In 2017, Dinesh Sharma bought a 2BHK flat. He decided to sell his property in 2019 as he wanted to buy a 3BHK unit in a project near his office. He has an outstanding home loan on his current property and the original property papers are with the bank.
Yes, a person who has availed a home loan on a property can transact the said property. However, the sale transaction stipulates obtaining an NOC from the lender or an in-principle approval from the lender for such sale transaction.
One can sell a property after getting the consent or in-principal approval from the lender. "This has to be done in a manner that part of the sale consideration will be paid directly to the lender or lending bank and the remaining balance (if any) shall go to the seller/current owner.
Upon receipt of the total loan consideration, the lender will release the original title deed of the property, deposited with the lending bank at the time of disbursement of the loan, to the seller/current owner. Generally, release of original title deed by the lender/lending bank, registration of the sale deed and discharge of the sale consideration takes place simultaneously," explains Niraj Kumar, partner, DSK Legal.
One buys a mortgaged property if he is getting a better deal in terms of price or if he likes the location or if he is getting a fully-furnished flat at no extra cost.
"It is advisable that the buyer (an individual or a legal entity) should check the original title documents of the property, the mutation records, encumbrance certificate and do litigation search on the property to verify whether the possession is in favour of the current owner," explains Kumar.
Kumar further adds "The seller should also look into documents that verify the capability of a buyer to transact the property and availability as well as source of funds being used for the purchase of the property."
Apart from considering the property specifications, one of the most important factors to consider is the tax liability.

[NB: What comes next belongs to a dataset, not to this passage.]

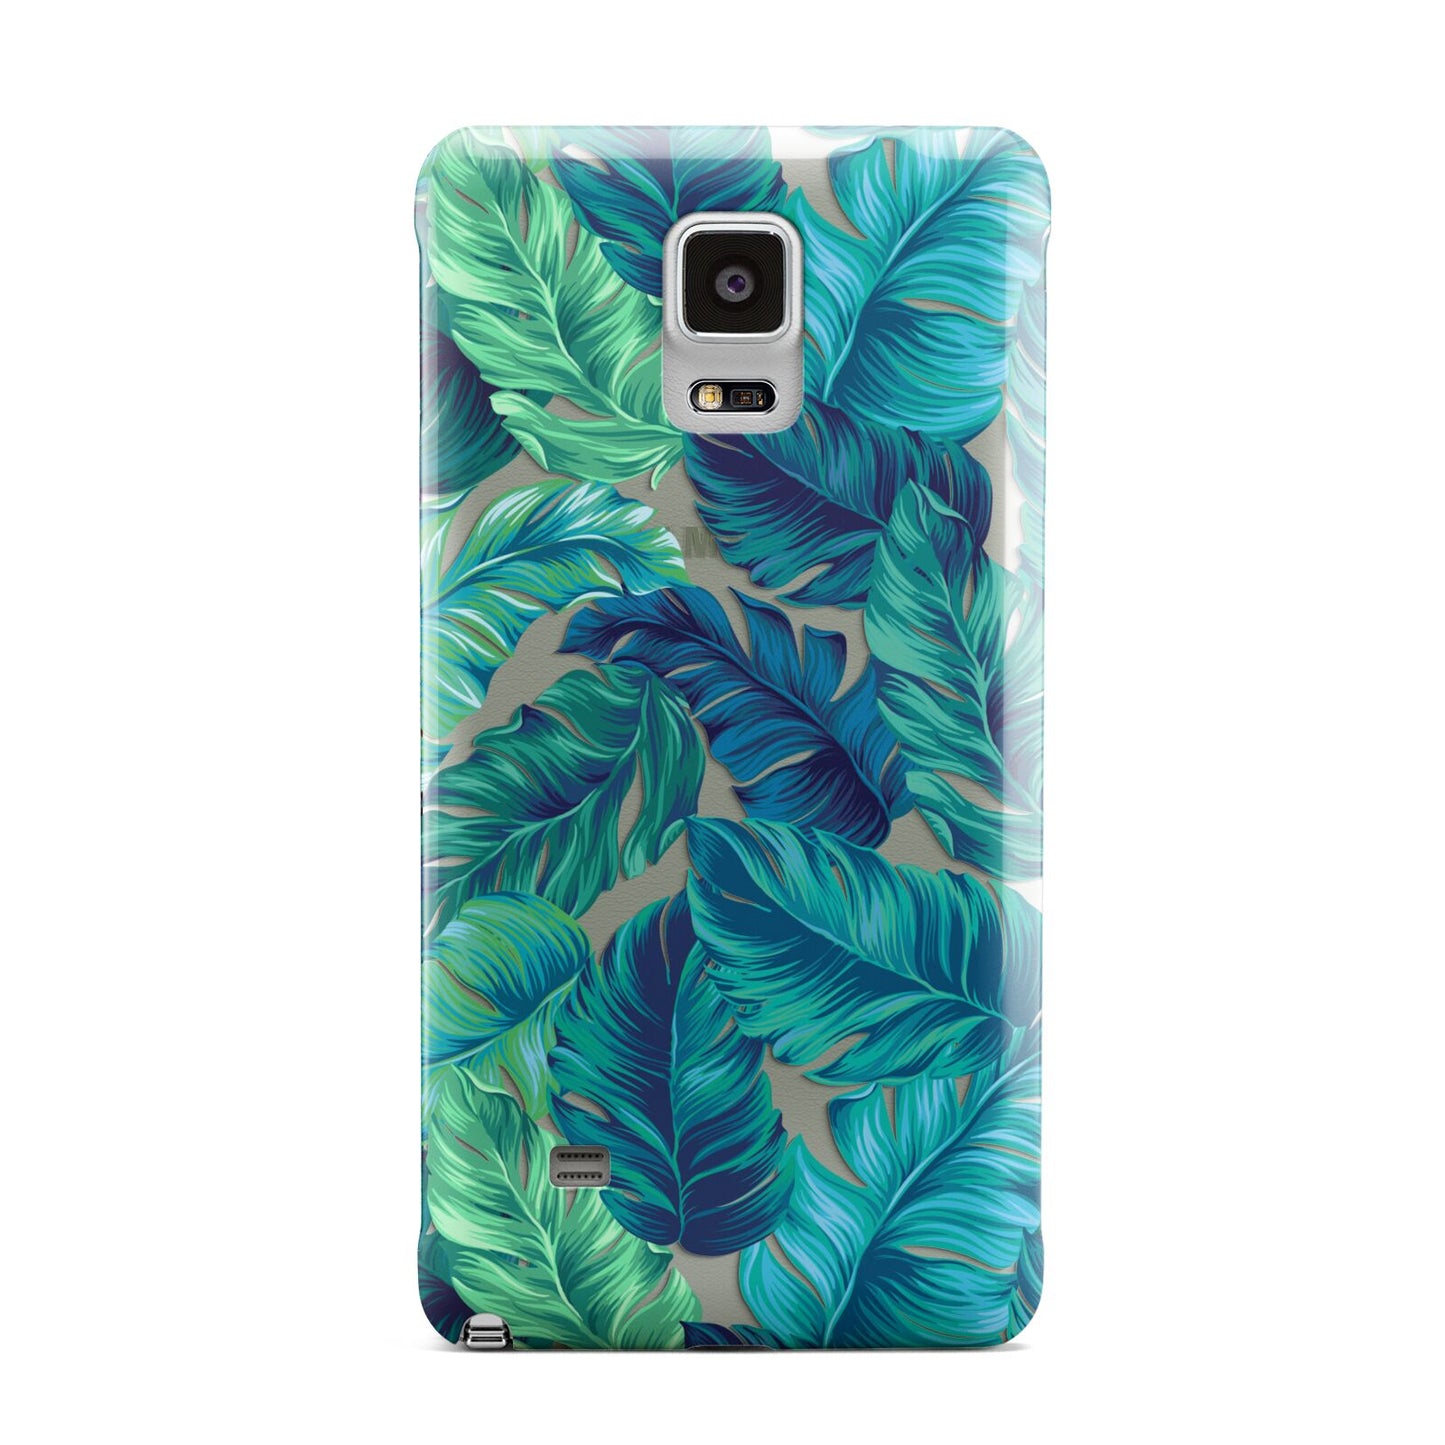 Tropical Leaves Samsung Galaxy Note 4 Case
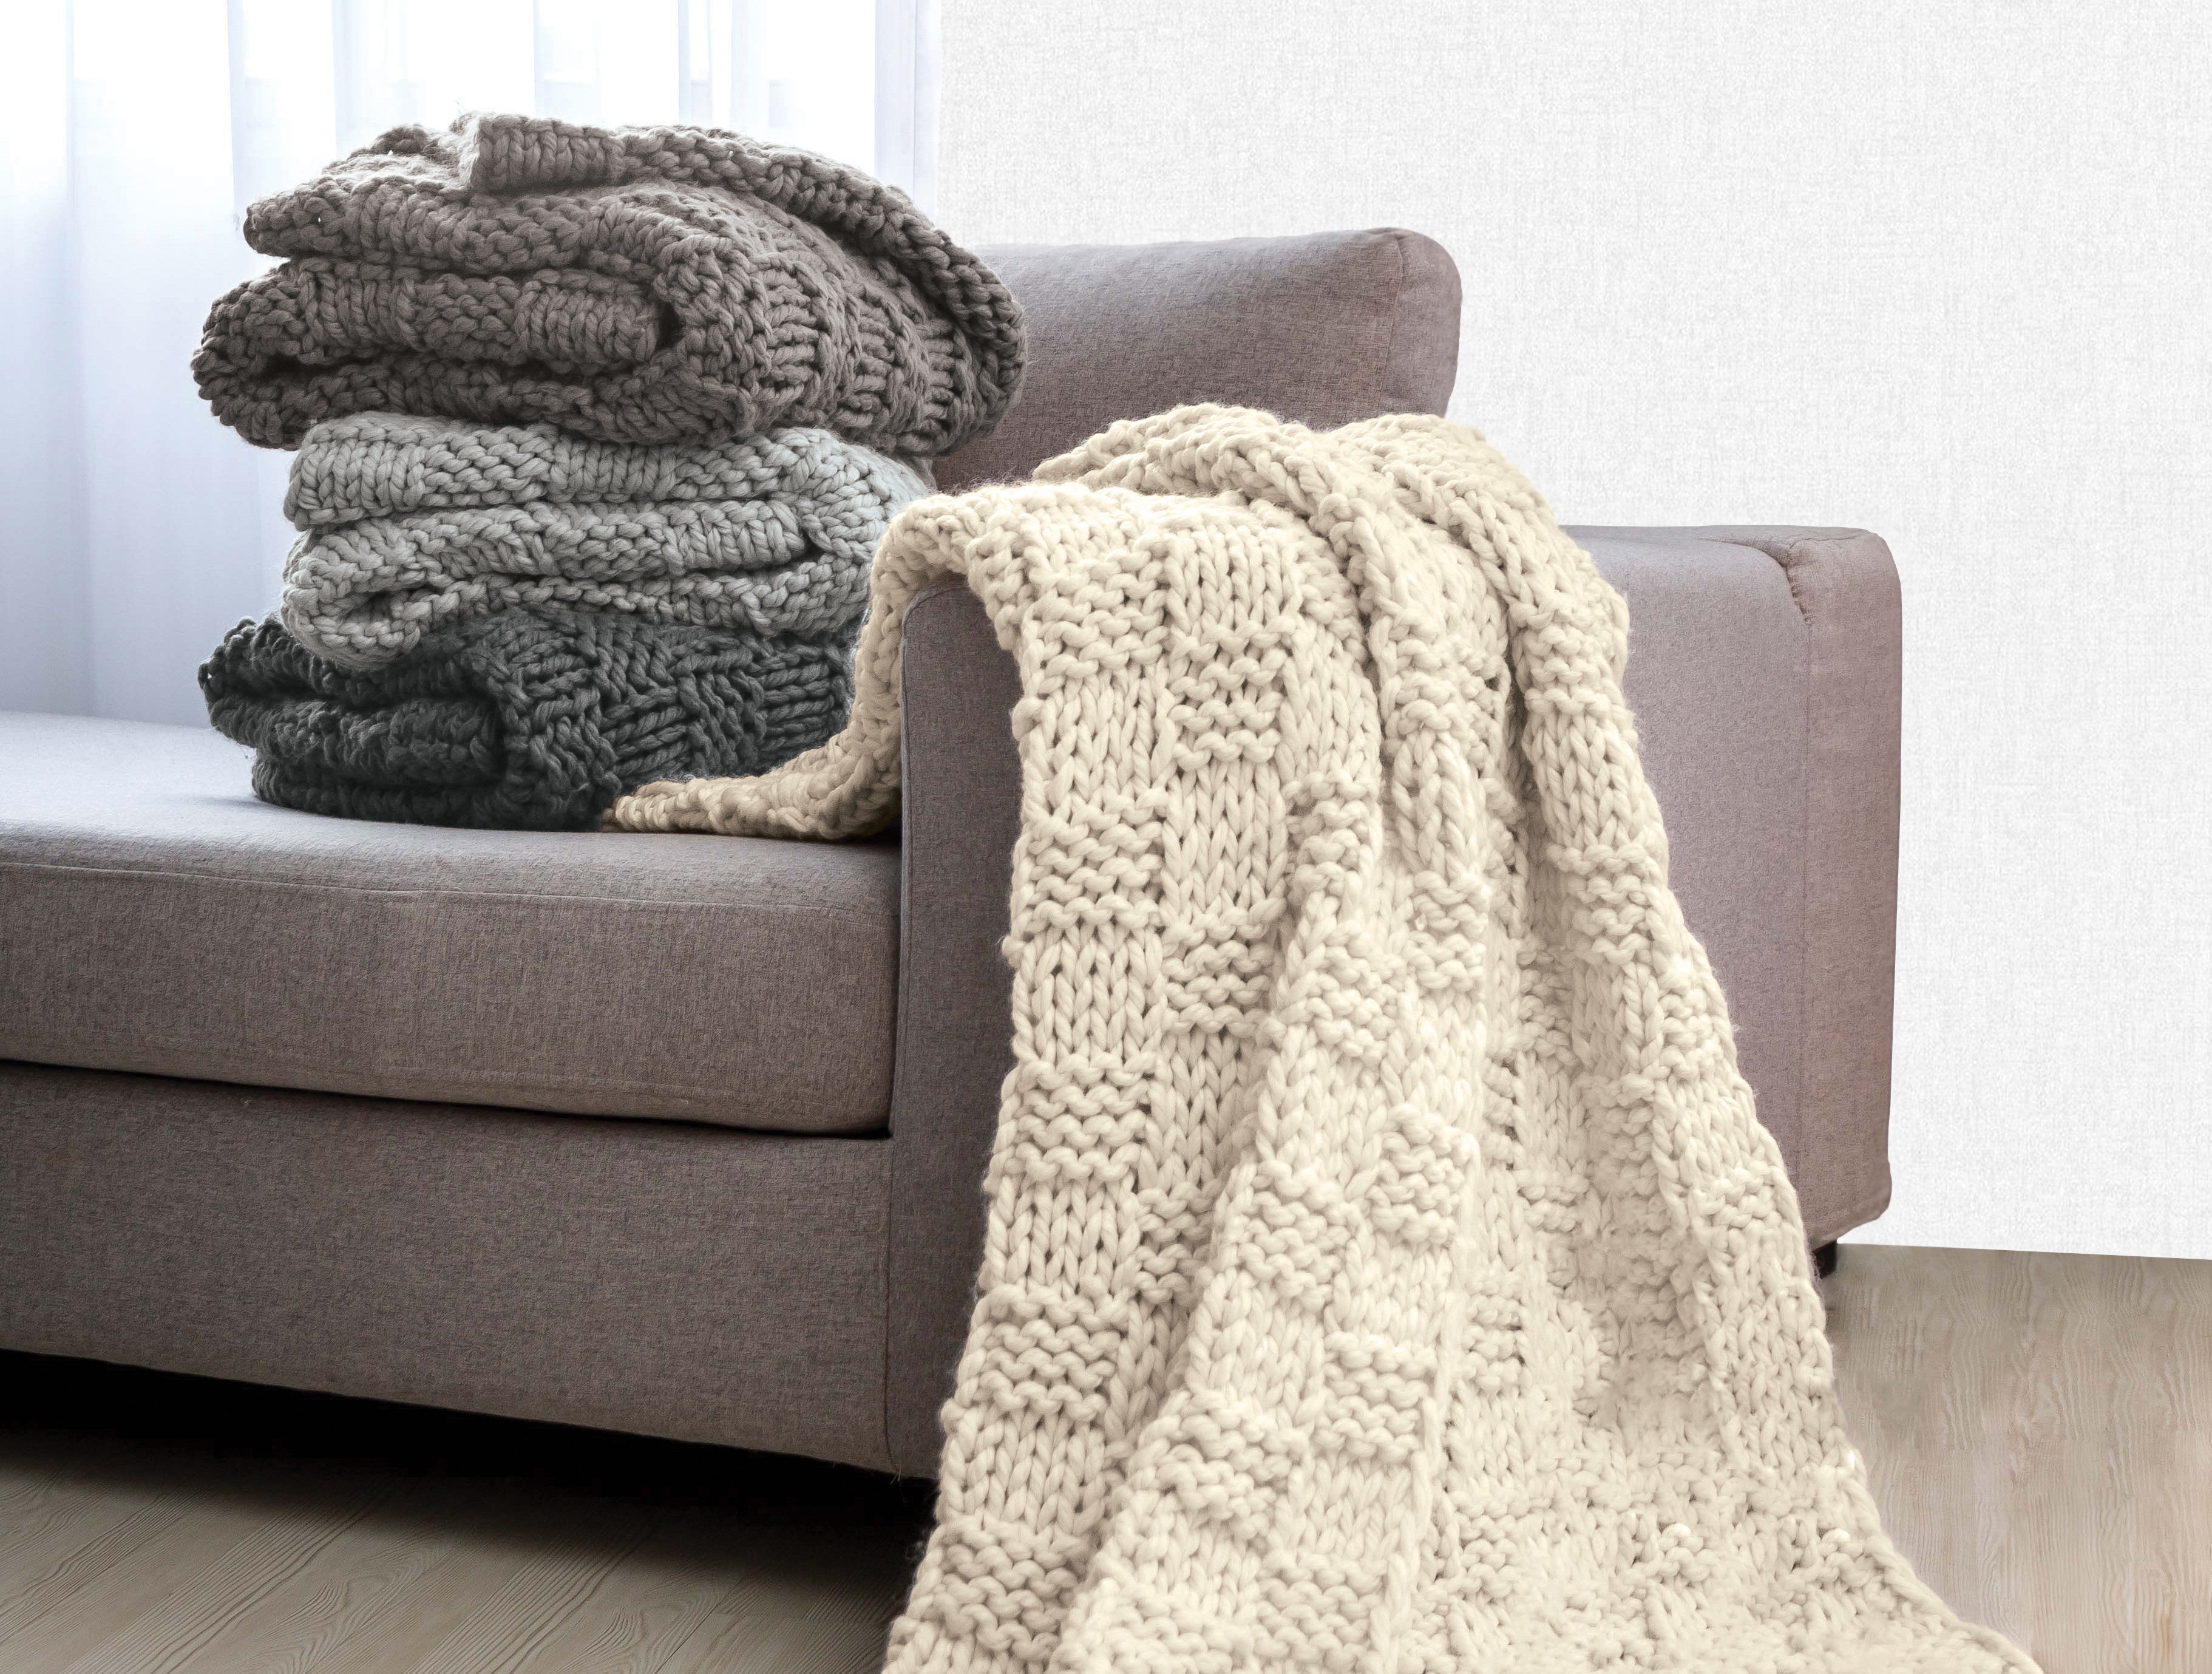 Let's Get Cozy - Bold, Functional Style of Throw Blankets - Ecletticos

Before you sell a property you need to calculate your tax liability as well.
Nand Kishore, Partner - DSK Legal, suggests, "The tax liability for selling any property gives rise to capital gains tax, which could be either short term or long-term gain under the Income Tax Act 1961. However, the tax impact can be mitigated if the seller utilises the capital gains for purchasing another residential property within two years or construct a house within three years from the date of sale.
If the seller is unable to utilise the entire amount within the last date for filing returns, then such unutilised amount should be deposited with a specified bank account. The said unutilised amount can be used only to purchase a residential house or for the construction of a house."
You must look into various factors before selling your property on which a home loan is pending.